Exercise – A single stretch of the material below is to be transcribed exactly, starting at the line with "Trio LED DISSUASORE" and ending after the line with "Excepcional NASCIMENTO JESUS".
= = = = = = =
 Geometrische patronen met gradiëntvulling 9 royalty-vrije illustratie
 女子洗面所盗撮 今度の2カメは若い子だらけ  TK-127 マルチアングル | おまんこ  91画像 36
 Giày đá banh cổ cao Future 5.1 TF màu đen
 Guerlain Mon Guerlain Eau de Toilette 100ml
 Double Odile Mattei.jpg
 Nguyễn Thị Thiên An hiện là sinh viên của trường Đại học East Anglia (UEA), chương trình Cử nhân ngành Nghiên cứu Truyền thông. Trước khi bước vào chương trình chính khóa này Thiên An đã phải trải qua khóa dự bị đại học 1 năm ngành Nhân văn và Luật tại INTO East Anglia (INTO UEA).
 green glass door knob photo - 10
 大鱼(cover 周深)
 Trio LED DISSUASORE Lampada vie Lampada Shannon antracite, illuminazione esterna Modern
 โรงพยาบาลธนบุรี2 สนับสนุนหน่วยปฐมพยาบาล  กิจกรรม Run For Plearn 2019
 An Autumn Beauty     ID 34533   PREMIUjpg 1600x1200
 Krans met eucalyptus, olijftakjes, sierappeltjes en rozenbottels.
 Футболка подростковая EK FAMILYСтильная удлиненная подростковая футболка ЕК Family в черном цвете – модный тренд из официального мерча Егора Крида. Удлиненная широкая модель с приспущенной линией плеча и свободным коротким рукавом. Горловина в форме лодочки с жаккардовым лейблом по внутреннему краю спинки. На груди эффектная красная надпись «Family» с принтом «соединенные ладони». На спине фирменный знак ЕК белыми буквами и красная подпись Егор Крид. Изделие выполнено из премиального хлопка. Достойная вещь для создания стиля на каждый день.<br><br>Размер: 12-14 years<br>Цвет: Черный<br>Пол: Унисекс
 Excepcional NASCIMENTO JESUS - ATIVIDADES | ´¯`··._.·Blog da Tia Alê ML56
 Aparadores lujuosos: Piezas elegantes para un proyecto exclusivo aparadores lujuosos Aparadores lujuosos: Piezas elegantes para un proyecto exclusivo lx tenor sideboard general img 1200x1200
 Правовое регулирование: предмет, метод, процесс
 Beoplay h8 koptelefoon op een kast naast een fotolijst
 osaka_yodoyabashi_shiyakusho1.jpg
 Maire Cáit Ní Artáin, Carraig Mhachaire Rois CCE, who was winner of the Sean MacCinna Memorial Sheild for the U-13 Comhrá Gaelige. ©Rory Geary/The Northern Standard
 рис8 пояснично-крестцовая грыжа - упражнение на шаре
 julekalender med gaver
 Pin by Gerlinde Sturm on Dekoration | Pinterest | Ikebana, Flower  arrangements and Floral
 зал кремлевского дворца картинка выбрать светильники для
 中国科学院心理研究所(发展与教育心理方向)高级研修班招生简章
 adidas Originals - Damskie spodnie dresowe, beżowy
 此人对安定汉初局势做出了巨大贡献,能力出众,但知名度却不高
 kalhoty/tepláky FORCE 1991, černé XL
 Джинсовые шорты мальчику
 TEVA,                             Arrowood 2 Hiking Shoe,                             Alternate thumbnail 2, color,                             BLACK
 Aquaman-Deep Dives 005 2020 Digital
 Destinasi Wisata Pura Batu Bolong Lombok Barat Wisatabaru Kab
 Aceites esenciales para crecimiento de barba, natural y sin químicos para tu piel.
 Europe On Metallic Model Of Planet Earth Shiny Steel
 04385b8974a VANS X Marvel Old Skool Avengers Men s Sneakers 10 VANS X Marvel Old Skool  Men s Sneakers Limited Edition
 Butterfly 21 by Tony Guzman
= = = = = = =
Task output –
 Trio LED DISSUASORE Lampada vie Lampada Shannon antracite, illuminazione esterna Modern
 โรงพยาบาลธนบุรี2 สนับสนุนหน่วยปฐมพยาบาล  กิจกรรม Run For Plearn 2019
 An Autumn Beauty     ID 34533   PREMIUjpg 1600x1200
 Krans met eucalyptus, olijftakjes, sierappeltjes en rozenbottels.
 Футболка подростковая EK FAMILYСтильная удлиненная подростковая футболка ЕК Family в черном цвете – модный тренд из официального мерча Егора Крида. Удлиненная широкая модель с приспущенной линией плеча и свободным коротким рукавом. Горловина в форме лодочки с жаккардовым лейблом по внутреннему краю спинки. На груди эффектная красная надпись «Family» с принтом «соединенные ладони». На спине фирменный знак ЕК белыми буквами и красная подпись Егор Крид. Изделие выполнено из премиального хлопка. Достойная вещь для создания стиля на каждый день.<br><br>Размер: 12-14 years<br>Цвет: Черный<br>Пол: Унисекс
 Excepcional NASCIMENTO JESUS - ATIVIDADES | ´¯`··._.·Blog da Tia Alê ML56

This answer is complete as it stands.